ついにアッズーリの主役へ。ヴェッラッティがチームの“表情”を変える!

2018年11月14日 片野道郎

中盤から質の高い縦パスを送り込む。

10月の2試合でハイパフォーマンスを見せたヴェッラッティ。11月も期待がかかる。(C)Getty Images

 ついにヴェッラッティがアッズーリの主役となる時代が来るのか――。そんな希望を抱かせるに十分なパフォーマンスだった。
 
 去る10月の代表ウィーク、10日にウクライナ(親善試合/△1―1)、14日にポーランド(ネーションズ・リーグ/◯1―0)と戦ったイタリア代表で一際目立ったのが、マルコ・ヴェッラッティだ。
 
 同じ技巧派のジョルジーニョ、ニコロ・バレッラと中盤のトライアングルを形成した小兵MFは、頻繁かつ自在にポジションを入れ替えながらワンタッチ、ツータッチでショートパスを回して相手のプレッシャーをかわし、前線に質の高い縦パスを送り込んだ。
 
 ヨーロッパの頂点を狙うメガクラブで活躍する唯一の若手イタリア人プレーヤーでありながら、26歳を迎えようとする現在まで、ヴェッラッティがアッズーリで主役として輝いたことは一度としてなかった。
 
 2014年のブラジルW杯は、予選のほとんどをベンチで過ごし、直前にレギュラーに昇格して迎えた本番も持ち味を発揮できず、グループリーグ敗退の責任の一端を担う羽目となった。続くEURO16は内転筋の故障により欠場。そして、中盤の要としての地位確立が期待されたロシアW杯予選も、頻繁な故障欠場も相まって完全な信頼は得られず、毎試合のように顔触れが入れ替わるMF陣のひとりに過ぎなかった。
 
 常に期待されながらも、それに応えられないまま、気が付いたら中堅と呼ばれる年齢を迎えようとしていたのが、アッズーリにおけるヴェッラッティだったのだ。
 
 タレント自体に疑いの目を向ける者は誰ひとりとしていない。
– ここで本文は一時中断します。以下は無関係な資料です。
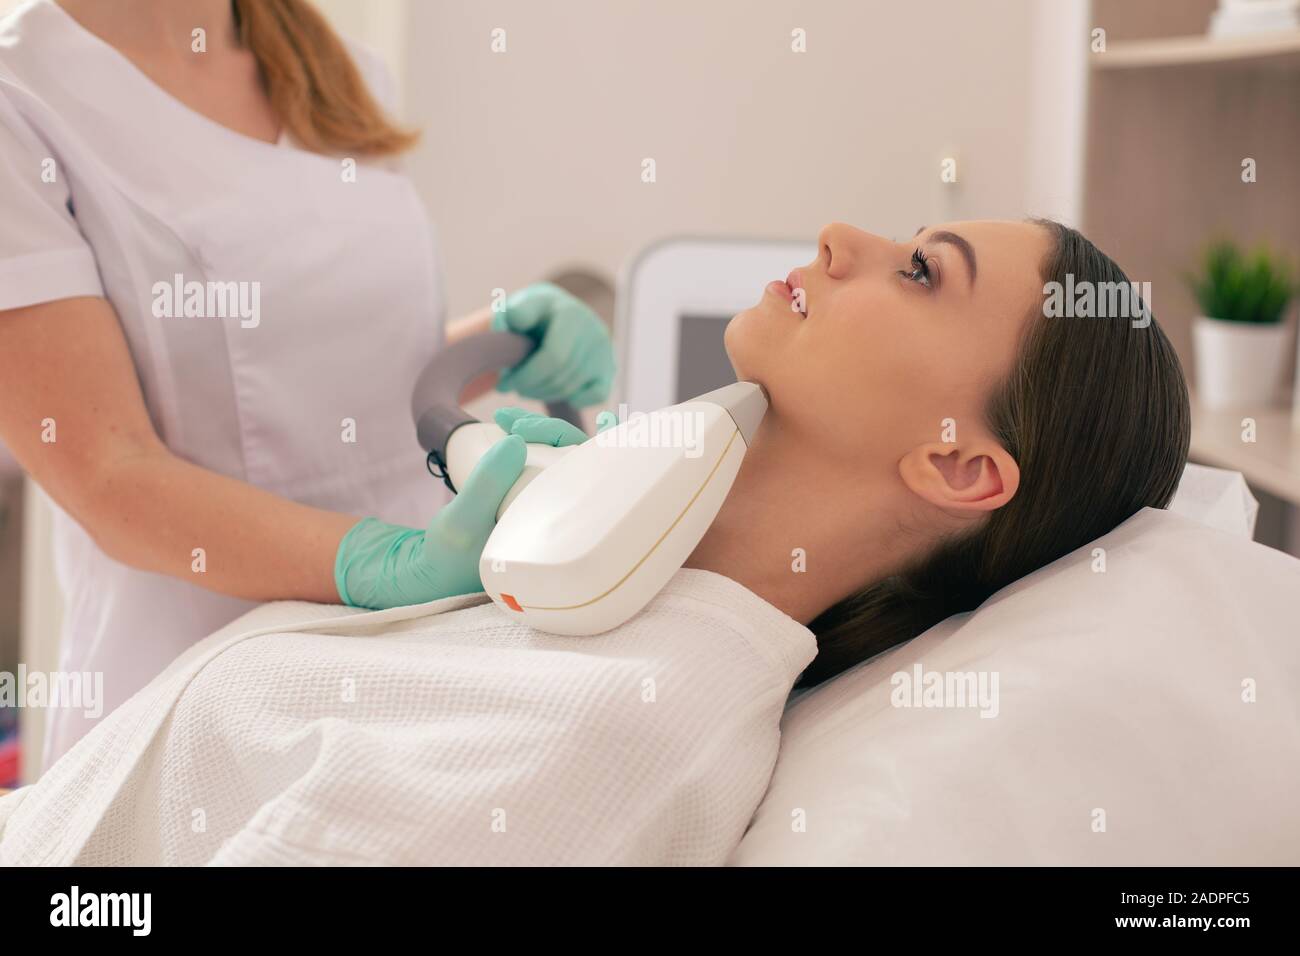 Confident woman undergoing new laser hair removal procedure Stock Photo
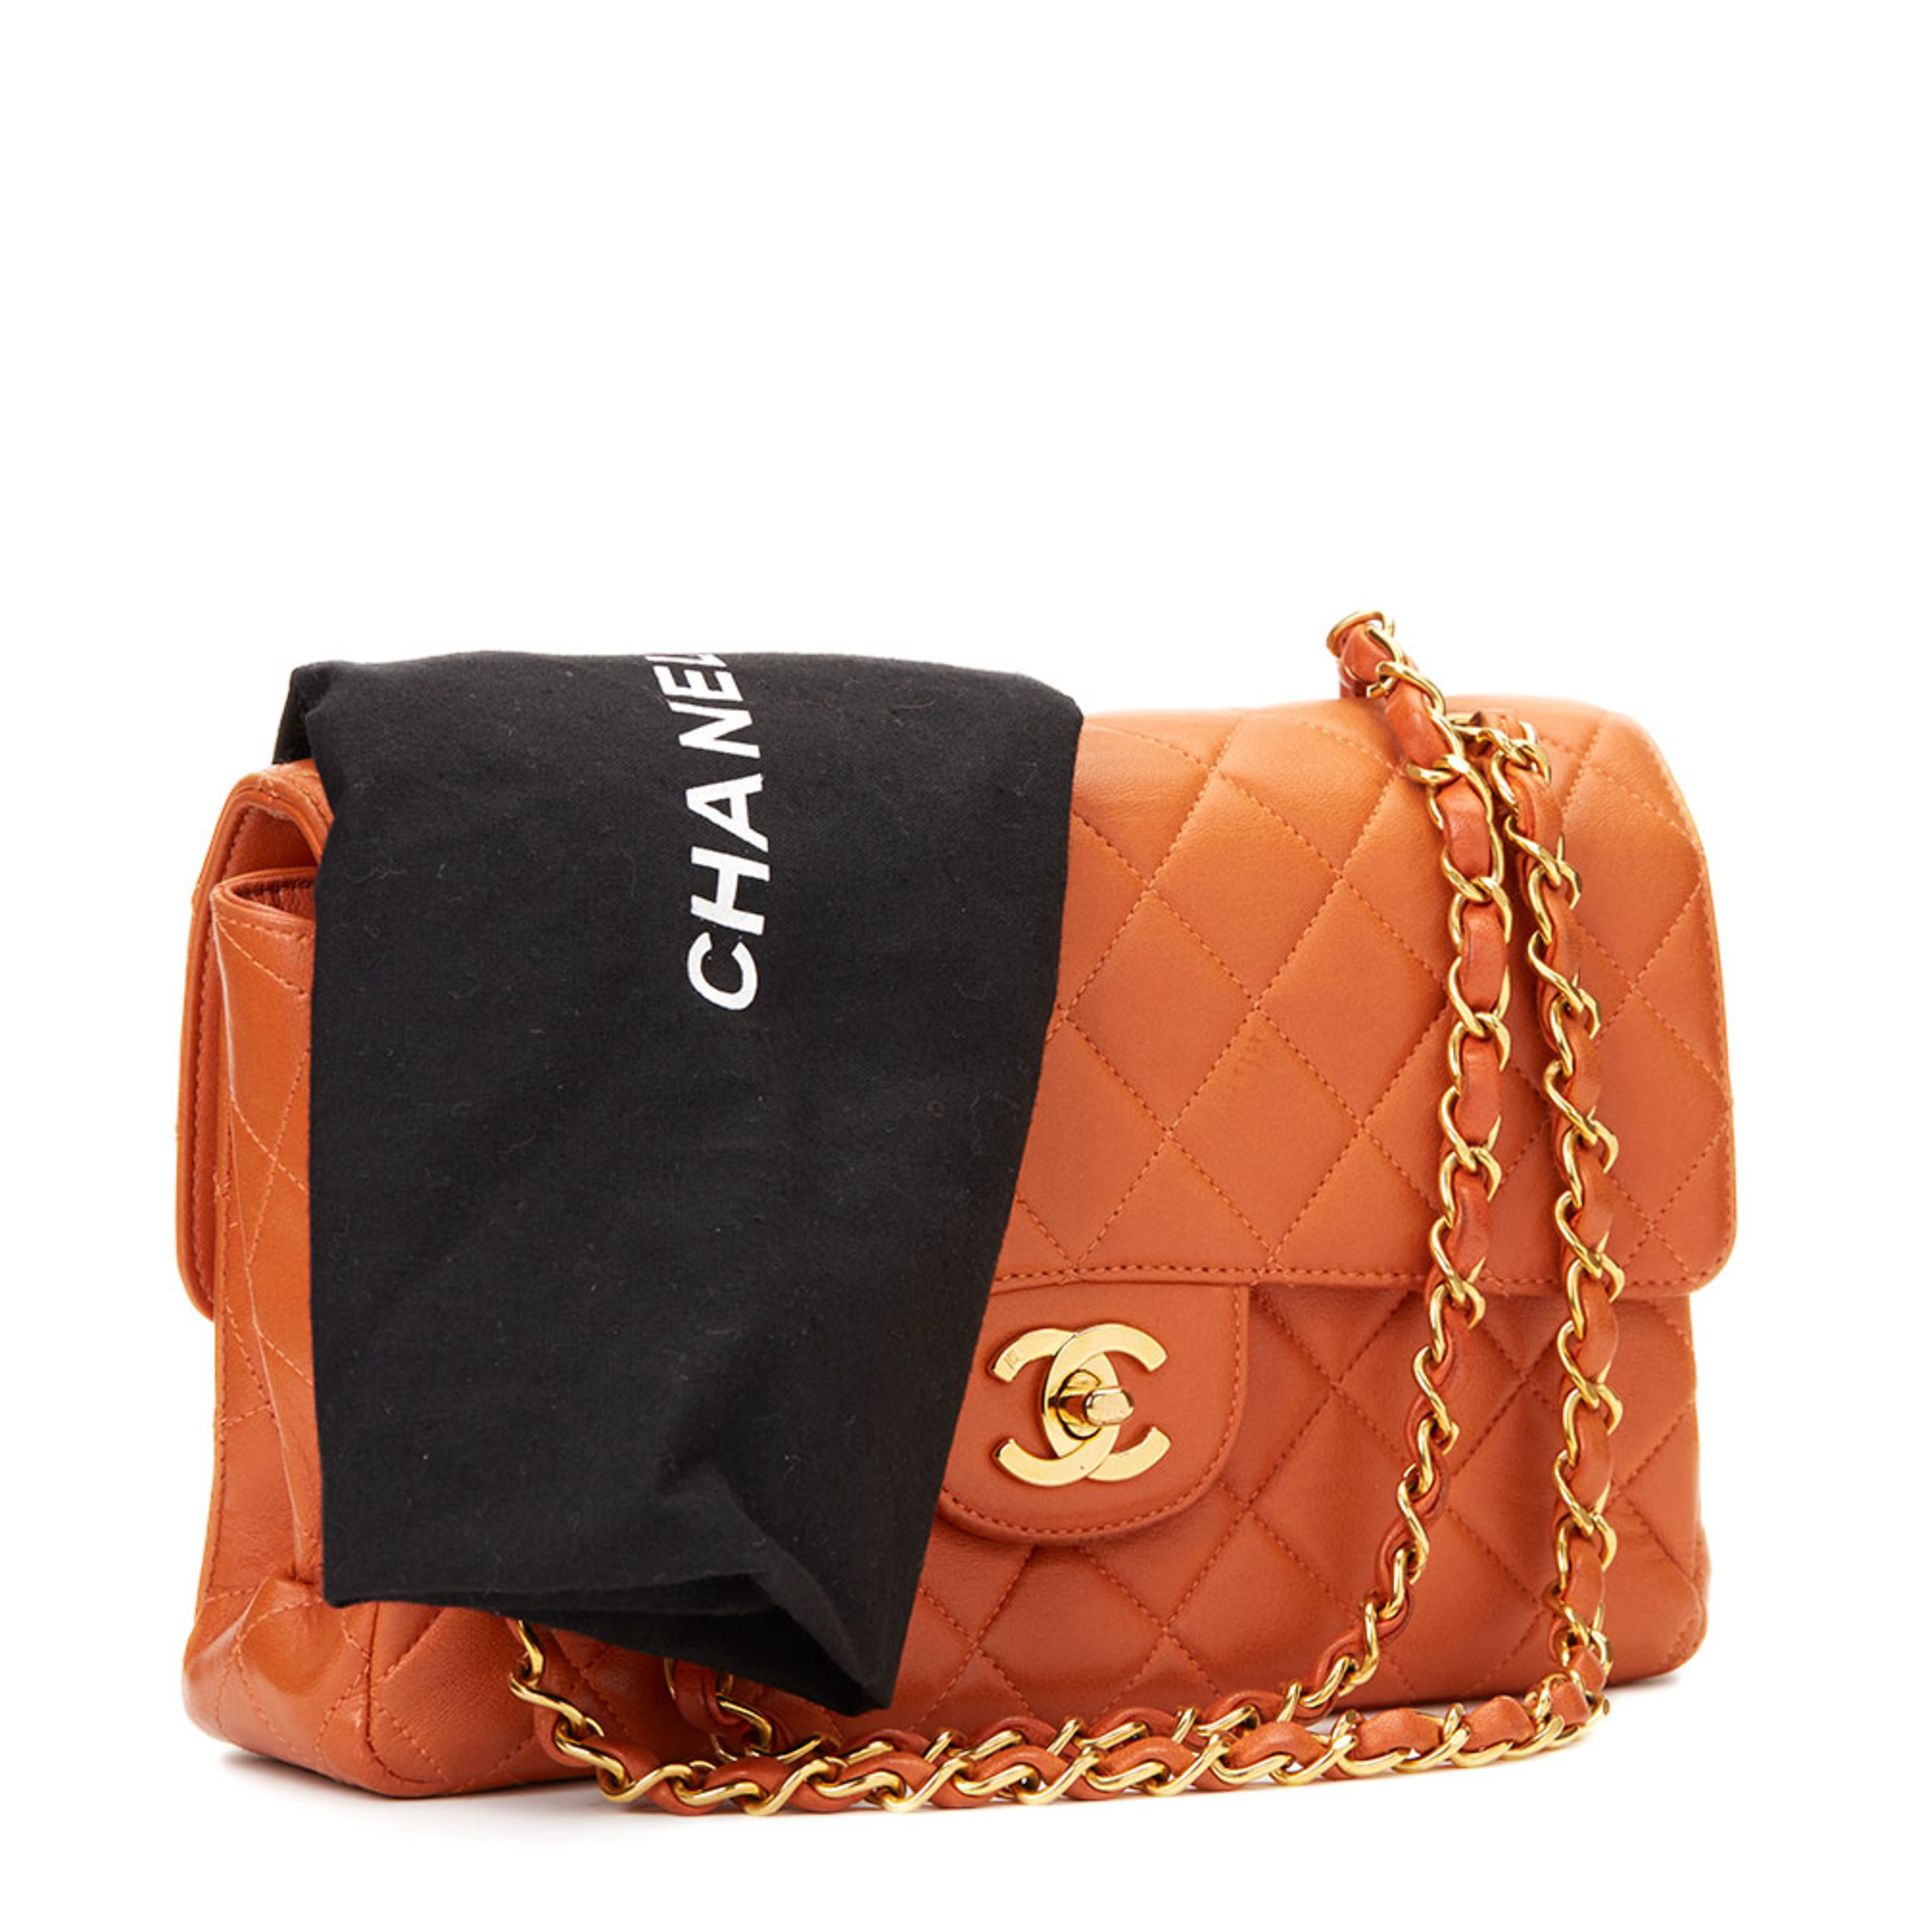 Chanel Burnt Orange Quilted Lambskin Small Double Sided Classic Flap Bag - Image 10 of 10

地元ペスカーラの育成部門で育ち、08年8月には弱冠15歳9か月にして当時LP1(3部)だったトップチームにデビュー。チームがセリエBに昇格した10-11シーズンには準レギュラーとして27試合に出場した。
 
 そして名伯楽ズデネク・ゼーマンに師事した翌11-12シーズンは、キャリアにとって決定的な1年となる。4-3-3のアンカーとして攻撃の組み立てを一手に担い、後にA代表でもチームメイトとなる前線のチーロ・インモービレとロレンツォ・インシーニェに質の高いロングパスを供給。「アンドレア・ピルロの再来」と騒がれ、チームの20年ぶりのセリエA昇格に大きく貢献したのだ。